Purpose: To assess the diagnostic performance of distributed human intelligence for the classification of polyp candidates identified with computer-aided detection (CAD) for computed tomographic (CT) colonography.
Materials and methods: This study was approved by the institutional Office of Human Subjects Research. The requirement for informed consent was waived for this HIPAA-compliant study. CT images from 24 patients, each with at least one polyp of 6 mm or larger, were analyzed by using CAD software to identify 268 polyp candidates. Twenty knowledge workers (KWs) from a crowdsourcing platform labeled each polyp candidate as a true or false polyp. Two trials involving 228 KWs were conducted to assess reproducibility. Performance was assessed by comparing the area under the receiver operating characteristic curve (AUC) of KWs with the AUC of CAD for polyp classification.
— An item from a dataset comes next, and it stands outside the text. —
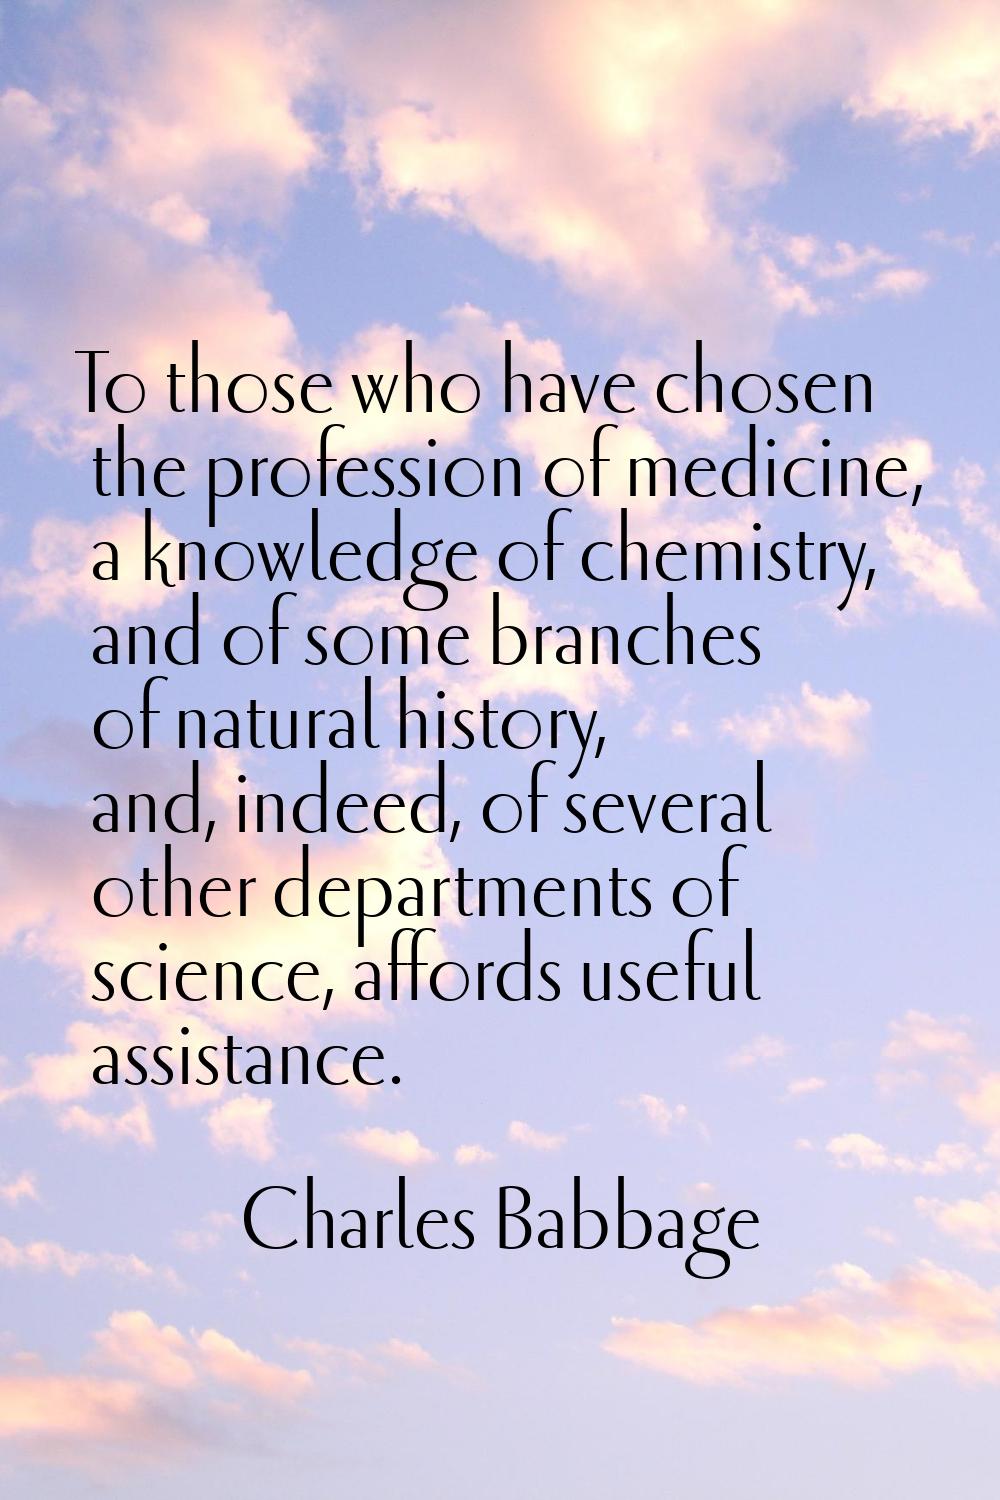 To those who have chosen the profession of medicine, a knowledge of chemistry, and of some branches

Results: The detection-level AUC for KWs was 0.845 ± 0.045 (standard error) in trial 1 and 0.855 ± 0.044 in trial 2. These were not significantly different from the AUC for CAD, which was 0.859 ± 0.043. When polyp candidates were stratified by difficulty, KWs performed better than CAD on easy detections; AUCs were 0.951 ± 0.032 in trial 1, 0.966 ± 0.027 in trial 2, and 0.877 ± 0.048 for CAD (P = .039 for trial 2). KWs who participated in both trials showed a significant improvement in performance going from trial 1 to trial 2; AUCs were 0.759 ± 0.052 in trial 1 and 0.839 ± 0.046 in trial 2 (P = .041).
Conclusion: The performance of distributed human intelligence is not significantly different from that of CAD for colonic polyp classification.